#### [WORK INSTRUCTIONS]
Leave out the pictures and set down exactly the lines from the start of the listing through the one with "overdrijving Saai Uitbarsten", both included.

#### [DATA]
------------------------

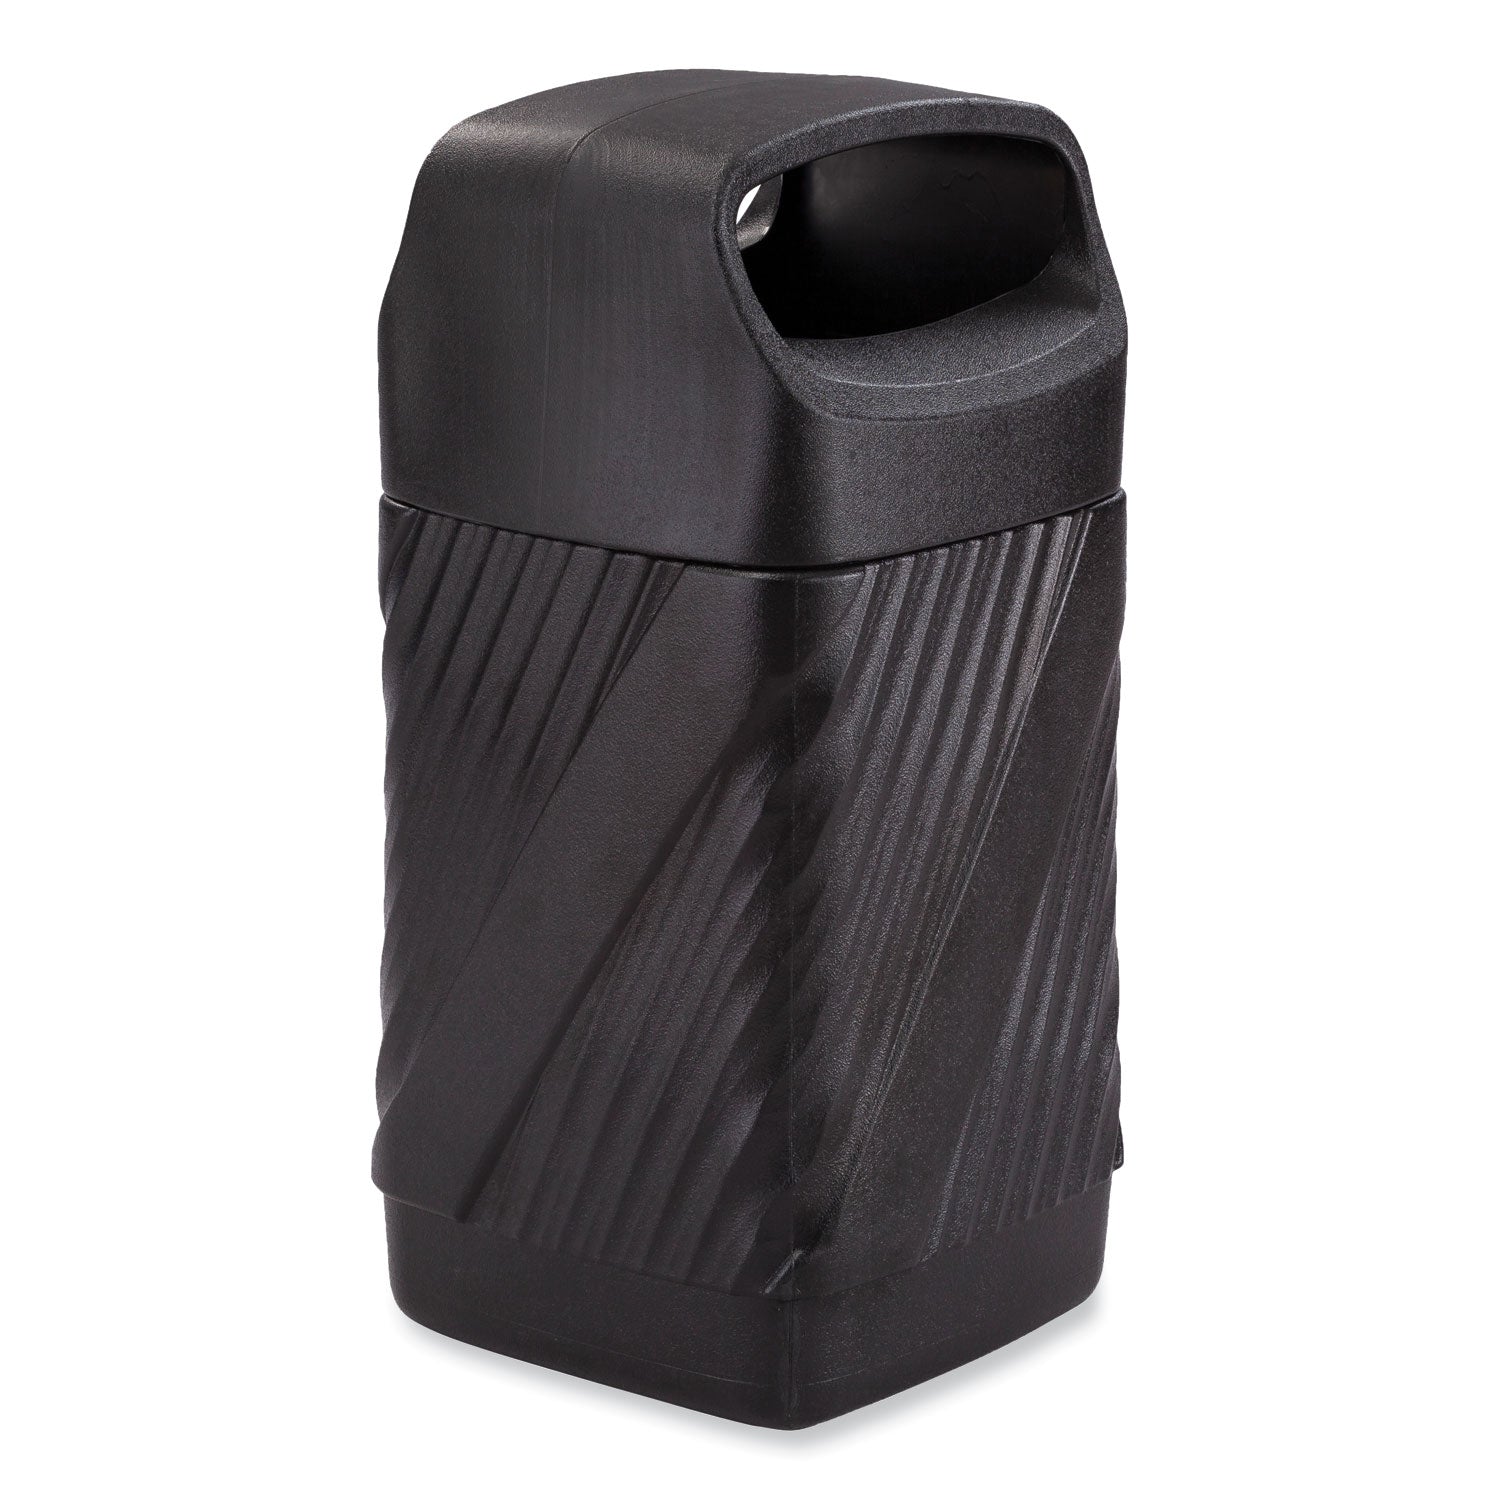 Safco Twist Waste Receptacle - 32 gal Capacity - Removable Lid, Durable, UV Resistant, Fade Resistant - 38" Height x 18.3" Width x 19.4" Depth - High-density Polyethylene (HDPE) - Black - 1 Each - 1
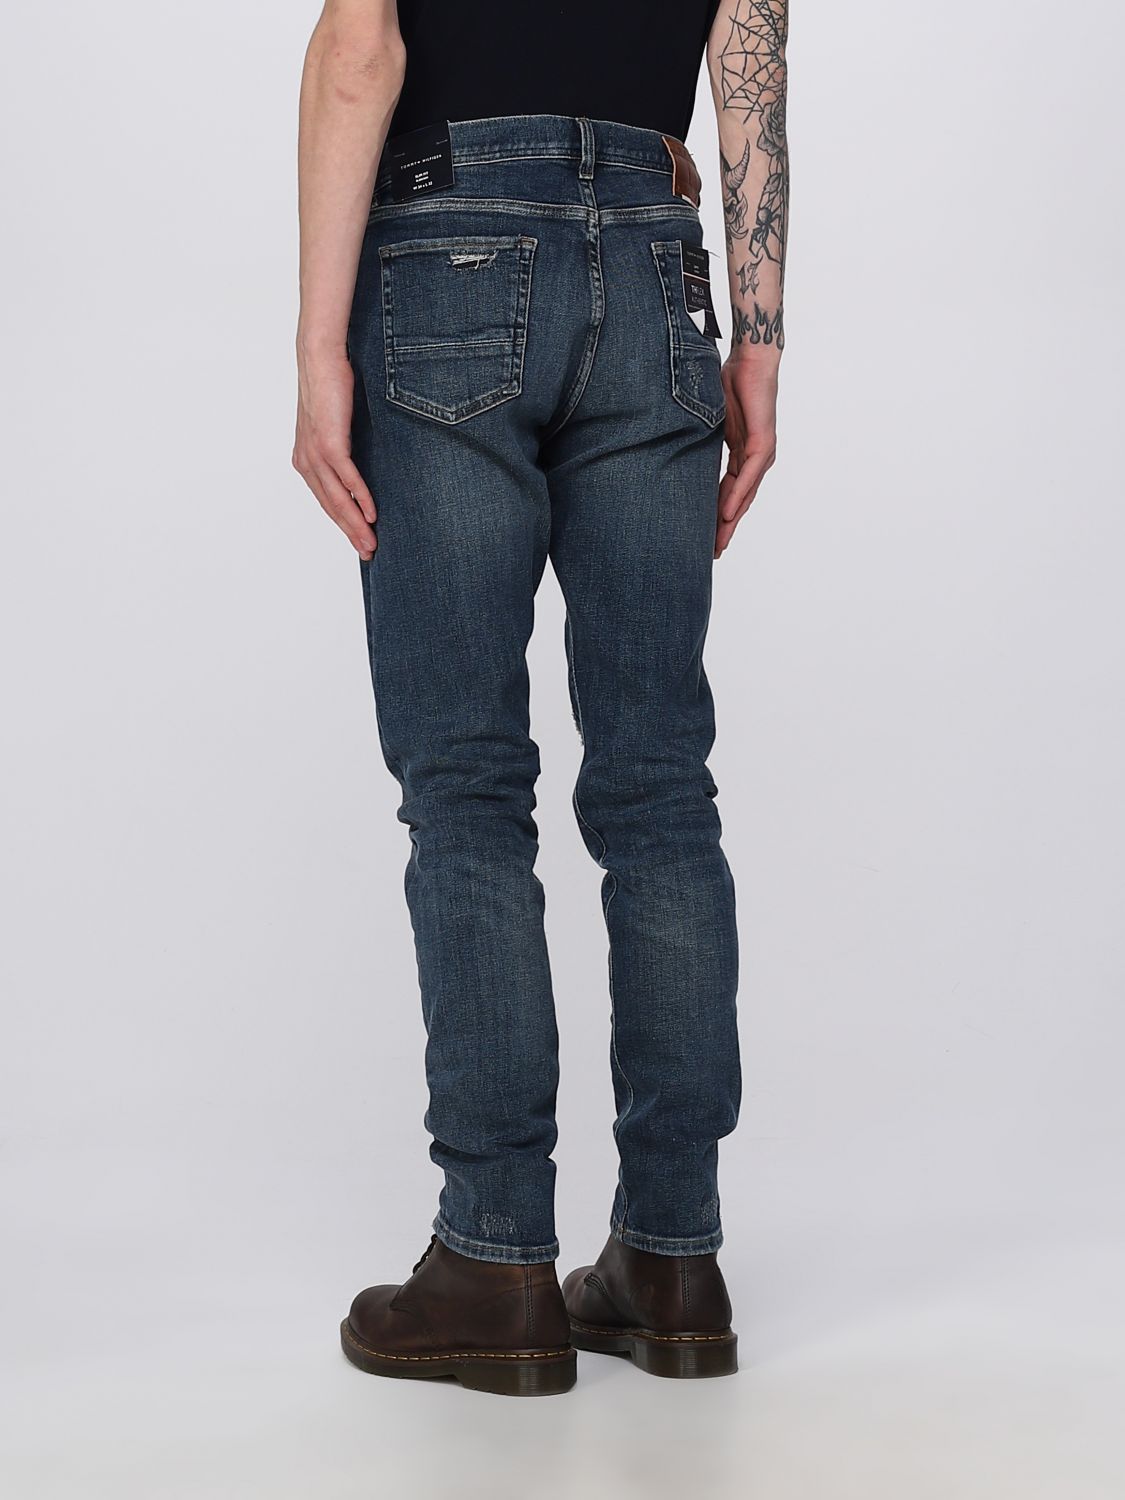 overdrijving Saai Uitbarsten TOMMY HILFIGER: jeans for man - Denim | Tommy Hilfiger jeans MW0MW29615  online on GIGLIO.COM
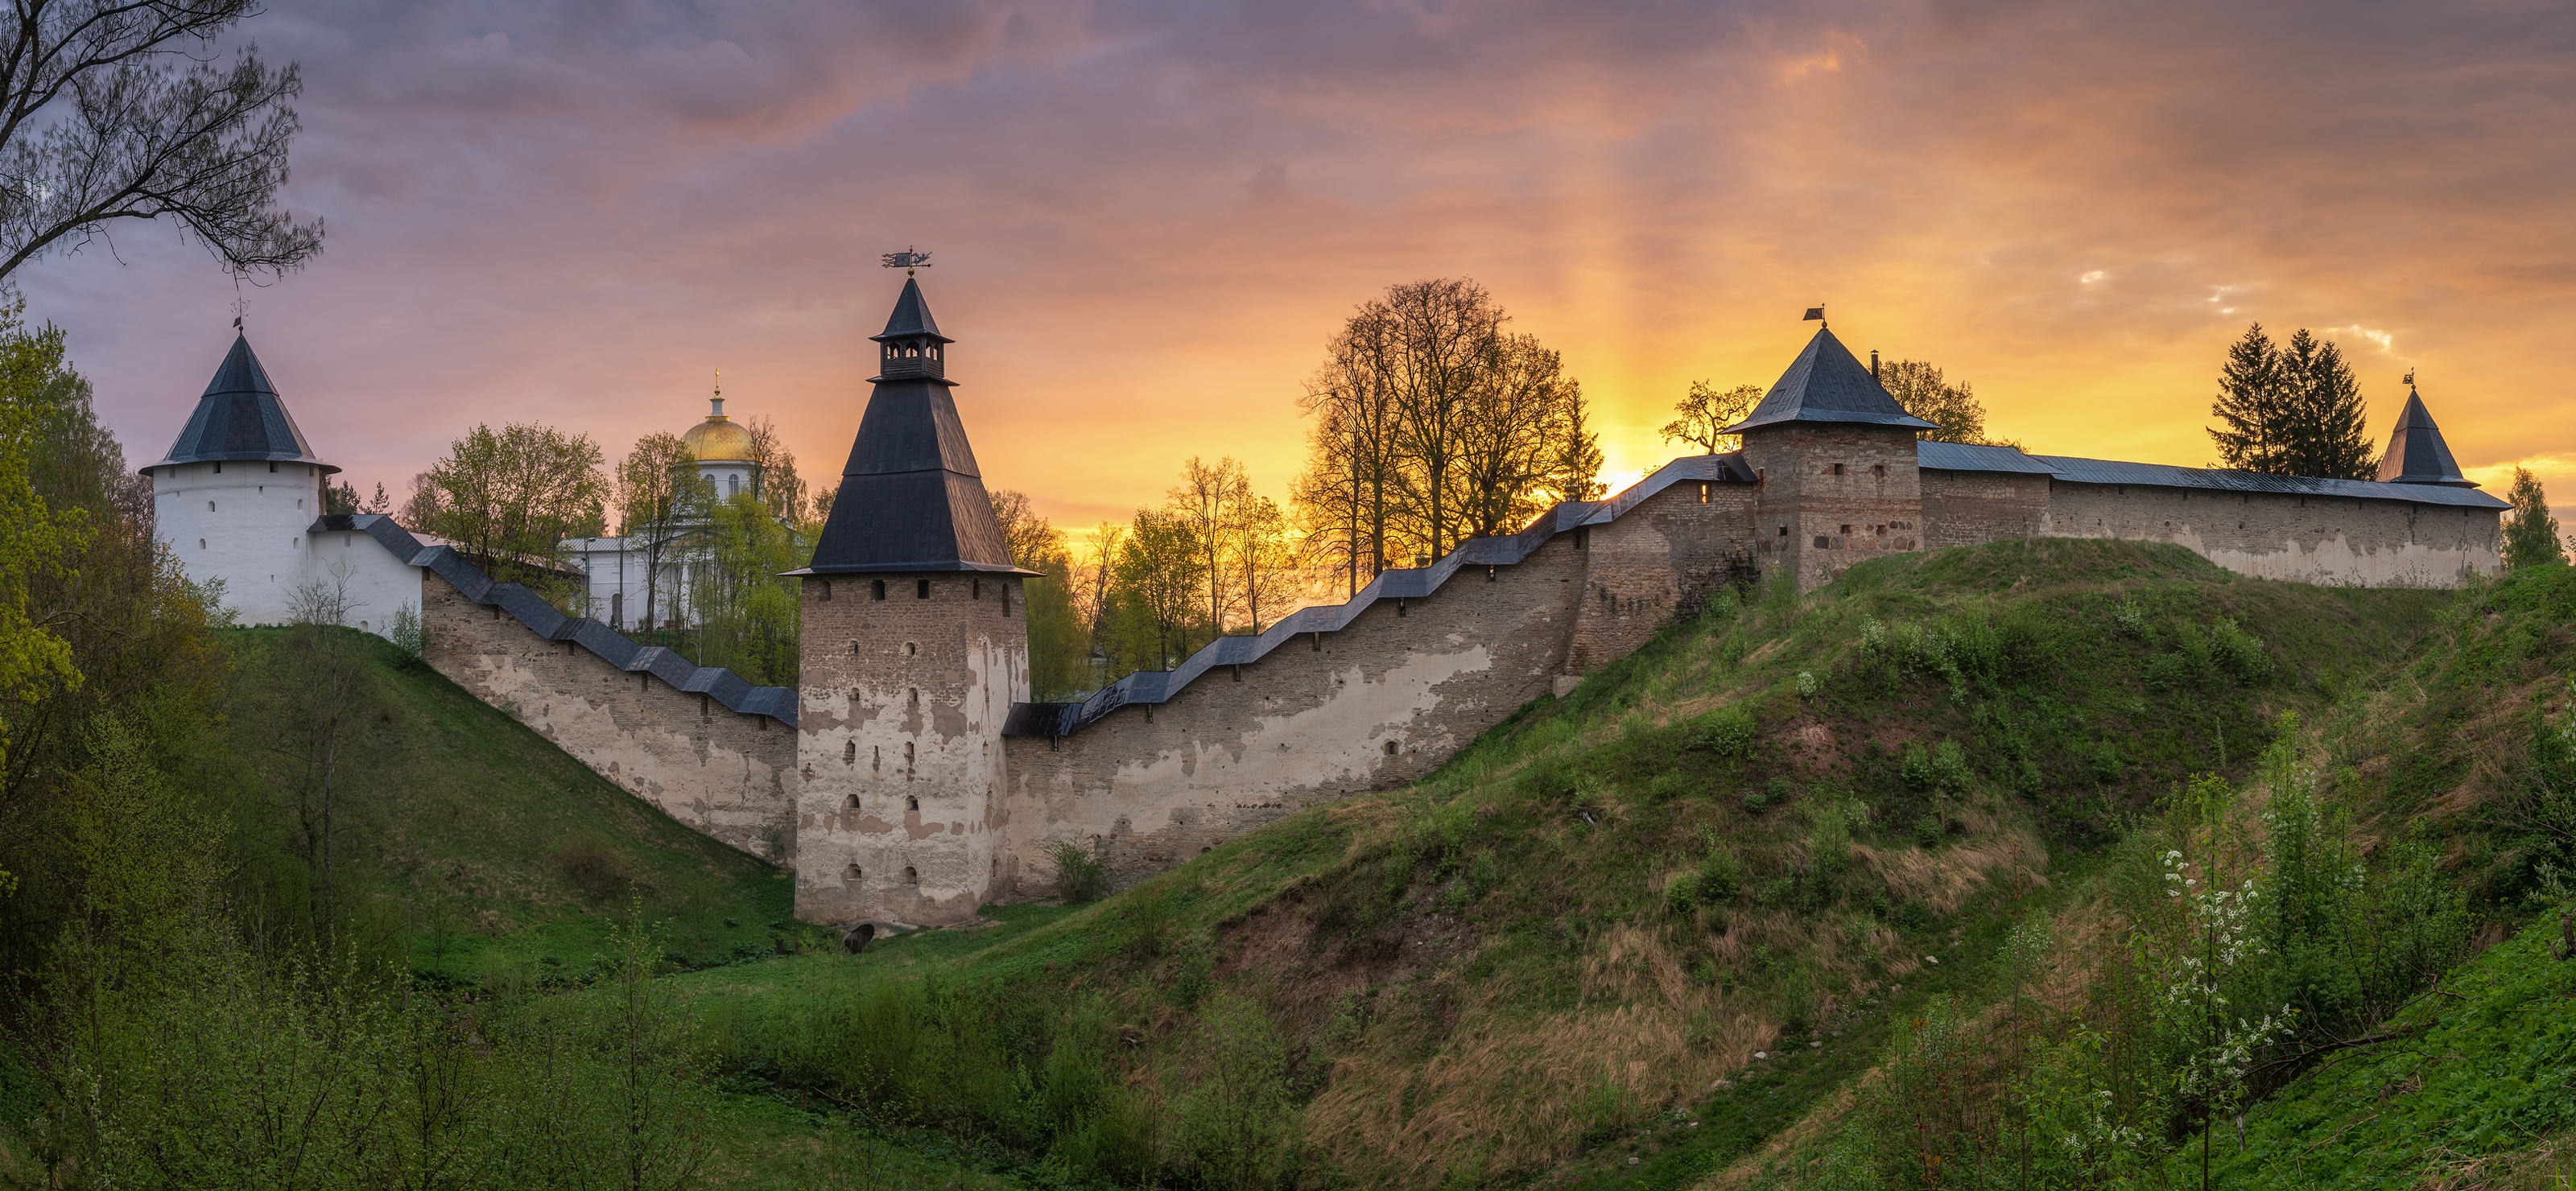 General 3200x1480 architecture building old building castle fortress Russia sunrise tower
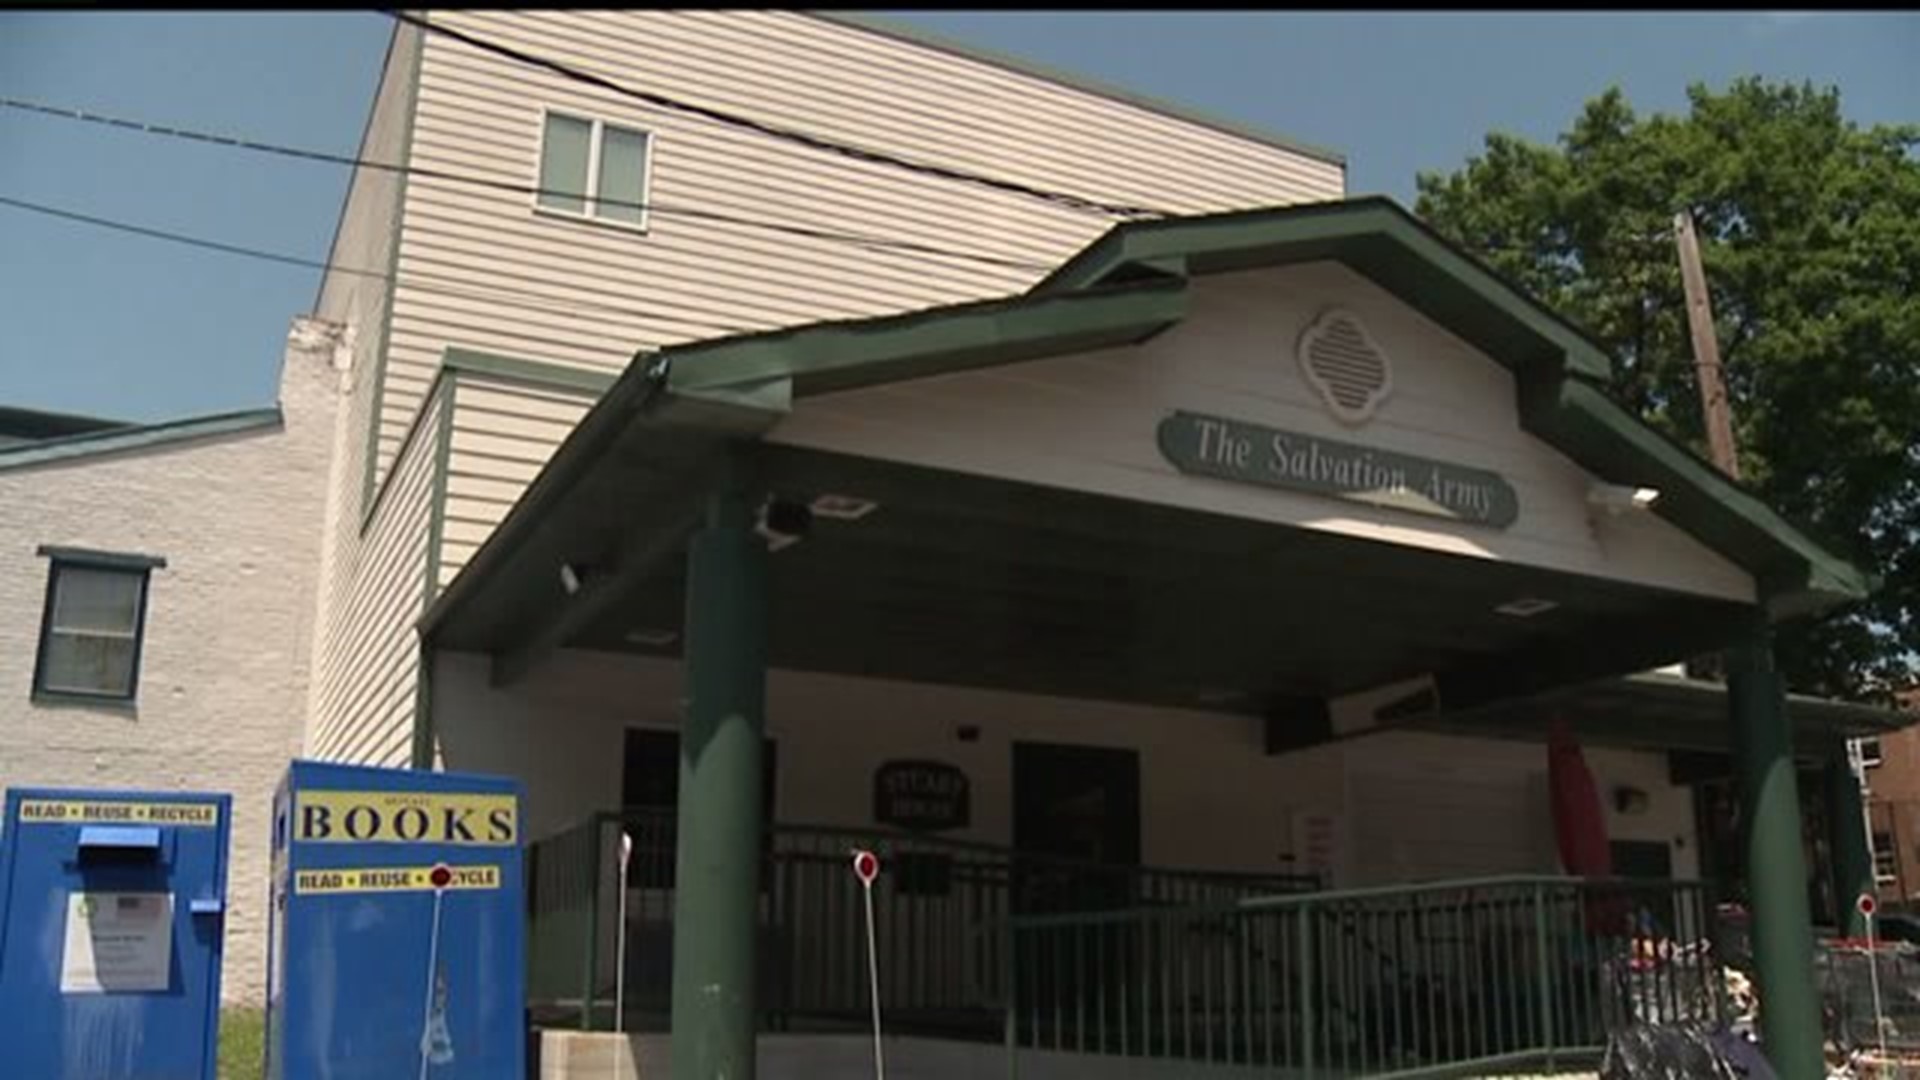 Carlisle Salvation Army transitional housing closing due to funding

------------------------

#### [ANSWER BOX]
 Safco Twist Waste Receptacle - 32 gal Capacity - Removable Lid, Durable, UV Resistant, Fade Resistant - 38" Height x 18.3" Width x 19.4" Depth - High-density Polyethylene (HDPE) - Black - 1 Each - 1
 overdrijving Saai Uitbarsten TOMMY HILFIGER: jeans for man - Denim | Tommy Hilfiger jeans MW0MW29615  online on GIGLIO.COM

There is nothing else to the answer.